Rhodium is very acid resistant.

Hot concentrated H2SO4 will attack it but this is very dangerous and I do not recommend it, the bisulfate fusion will work about the same way without these dangers. 

If these are fairly pure powders you may be better off just selling them to a refiner if you have enough of them.

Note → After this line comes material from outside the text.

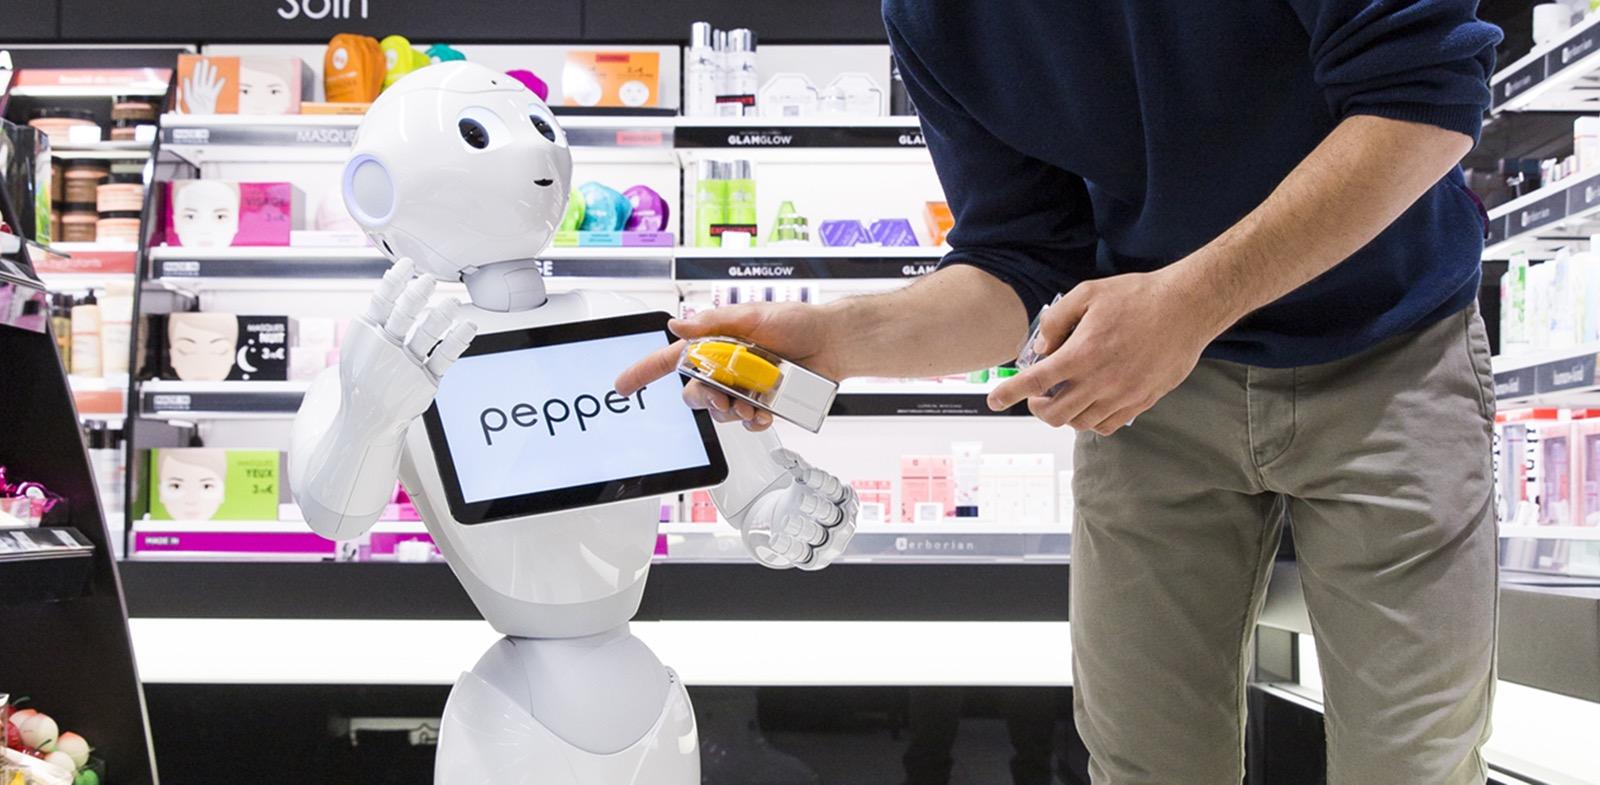 SoftBank se svou divizí SoftBank Robotics vyvíjí také chytré roboty

Of course the answer would also depend on where these powders came from if they were mixed with other metals or were an alloy with another metals,other conditions and so on.


----------



## nickvc (Jan 2, 2013)

I have to agree with Butcher rhodium is very difficult to dissolve with acids and refining PGMs is a lot more difficult than dealing with gold or silver. As Butcher also stated it depends on exactly what you have and from where, if you have decent amounts perhaps Lou is the man to talk to, not many members can refine rhodium successfully.


----------



## Gratilla (Jan 2, 2013)

The pdf at SSN PDF will give you a Pourbaix Diagram for the (Eh/pH/temp) conditions under which Rhodium can be dissolved using SSN (Saturated Saline Nitric acid).

I'm sure there is also an organic solvent for Solvent Extraction to high purity.


----------



## freechemist (Jan 4, 2013)

@Gratilla,

The link, you are giving in your post has nothing to do with dissolution of metallic rhodium, nor is Saturated Saline Nitric Acid (SSN) it's subject. As far as I know, there exists no simple and at the same time efficient solvent extraction process for Rhodium(III). Unlike Iridium(III) it is not easily oxydized to the tetravalent state, in which form it can easily been extracted e.g. as an anionic hexahalo-complex anion into an organic phase, or been absorbed by an anion-exchanging resin.


----------



## Gratilla (Jan 4, 2013)

Ooops.  

Fixed - Try again.


----------



## Gratilla (Jan 4, 2013)

freechemist said:


> As far as I know, there exists no simple and at the same time efficient solvent extraction process for Rhodium(III). Unlike Iridium(III) it is not easily oxydized to the tetravalent state, in which form it can easily been extracted e.g. as an anionic hexahalo-complex anion into an organic phase, or been absorbed by an anion-exchanging resin.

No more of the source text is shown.